– Как так: мы с тобой разбредаемся в разные стороны, а потом обязательно возвращаемся?
– А мы действительно возвращаемся друг к другу? – ответила я вопросом на вопрос. – Или просто приходим сюда и лениво сталкиваемся нос к носу?
Он не ответил.
– Одиночество земли – особое одиночество, – сказал он.
– А отчего она одинока?
– Оттого, что абсолютно свободна, черт подери.
И с этими словами он испарился. Я сделала шаг, встала на место, где он только что стоял, ощутила тепло его присутствия. Ветер крепчал, неопознанные фрагменты мусора кружились в воздухе. Что-то надвигается, почуяла я.
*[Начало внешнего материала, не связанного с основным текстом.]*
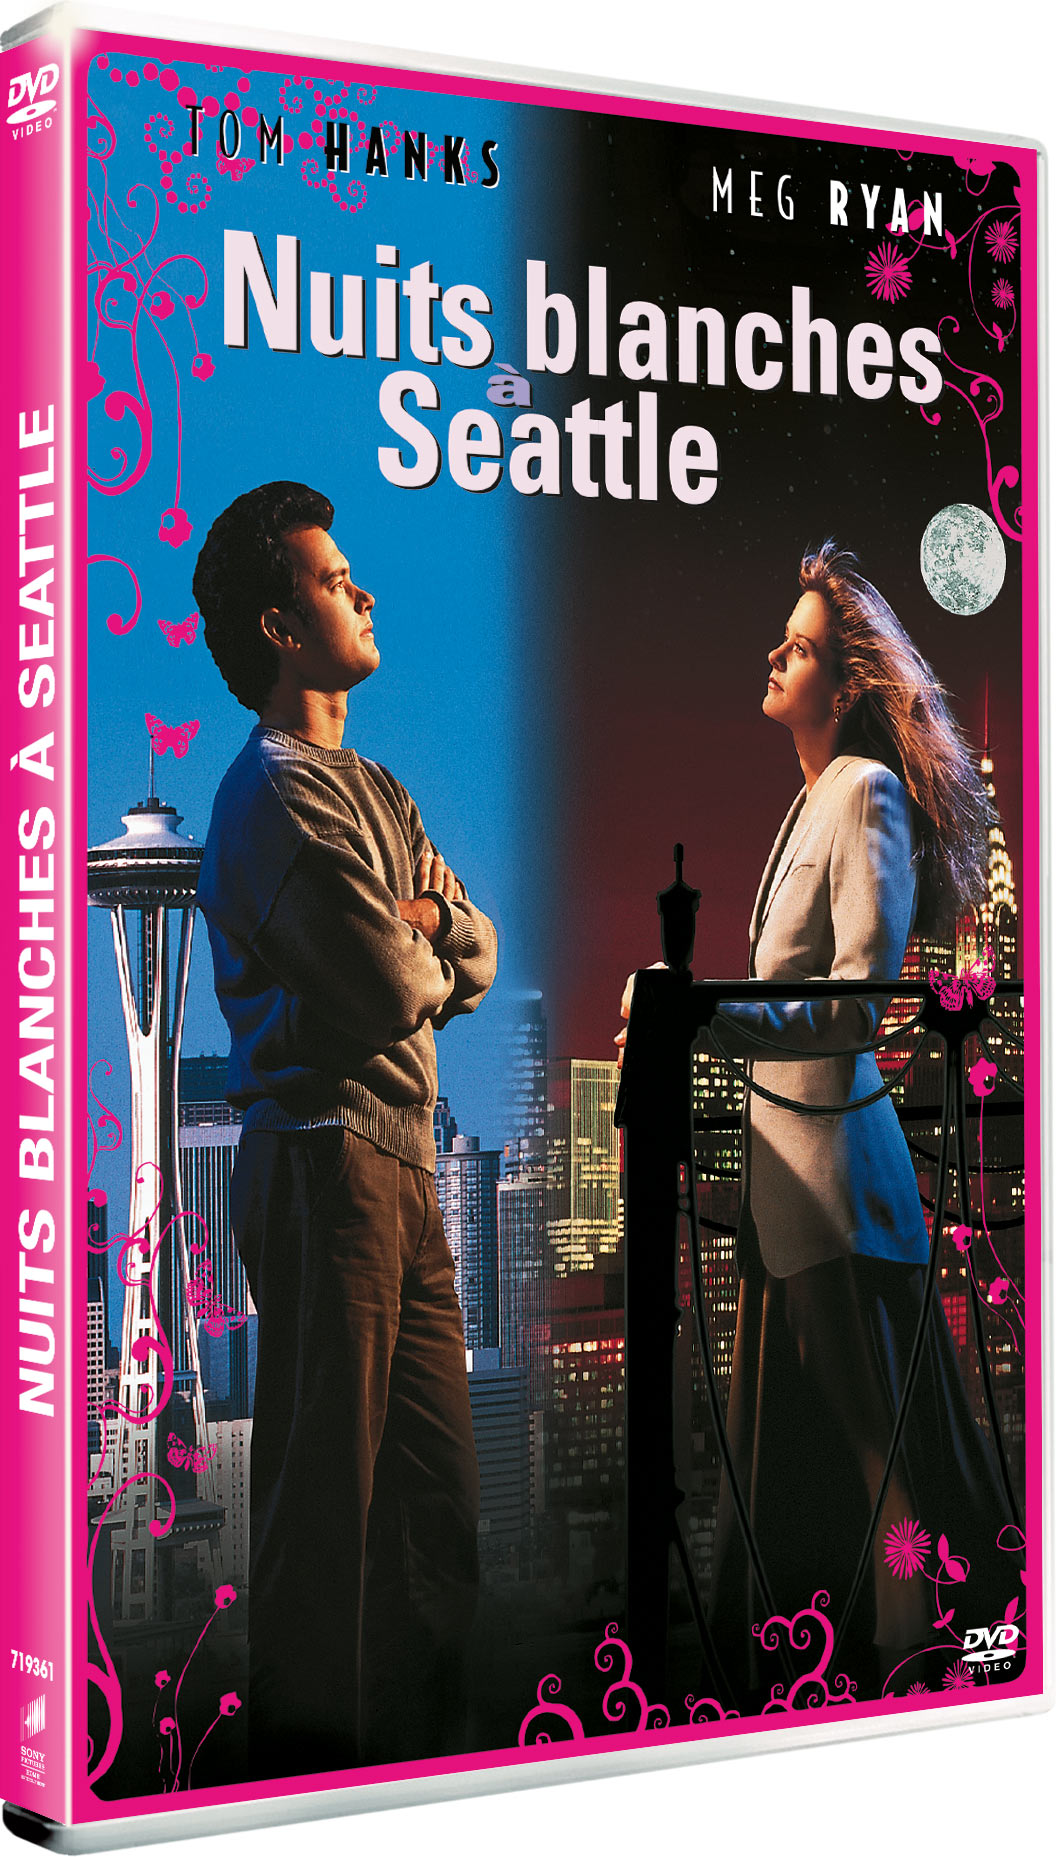 NUITS BLANCHES A SEATTLE - DVD

Я вскочила с кровати, шатаясь, я была полностью одета. Думать все это время не переставала. Полусонная, влезла в ботинки, выволокла из дальнего угла кладовки резной испанский сундук. Он оброс патиной, как старое седло, в нем было много ящиков, наполненных вещами – как сакральными, так и теми, чье происхождение начисто вылетело из памяти.
Я нашла то, что искала, – фотокарточку английского грейхаунда с надписью “Фантом, 1971” на обороте. Она была заложена в потрепанную книгу Сэма Шепарда “Ястребиная Луна”, надписанную его рукой: “Если ты забываешь голод, твоя бошка ку-ку”. Я пошла в ванную умыться. На полу под раковиной валялась слегка размокшая книга – “Исповедь неполноценного человека”. Я ополоснула лицо, схватила блокнот и направилась в кафе ’Ino . Посреди Шестой авеню опомнилась.
Я стала проводить больше времени в “Данте”, но ходила туда от случая к случаю. По утрам просто брала кофе в кулинарии и сидела на своем крыльце. Размышляла о том, что мои утра в кафе ’Ino не только продлевали мою хворь, но и придавали ей лоск величия. Спасибо, сказала я. Я немножко пожила в своей собственной книге. В той, которую никогда даже не собиралась писать, в книге, где зафиксировано время, которое я перематывала то вперед, то назад. Я смотрела, как падает в море снег, я прошла по следам давно покинувшего нас путешественника. Заново пережила мгновения, которые благодаря своей недвусмысленности были само совершенство. Фред застегивает рубашку цвета хаки, в которой ходит в летную школу. Голуби возвращаются вить гнезда на нашем балконе. Наша дочь Джесс стоит передо мной, вытягивая вверх руки:
– Ой, мам, иногда я чувствую себя новорожденным деревом.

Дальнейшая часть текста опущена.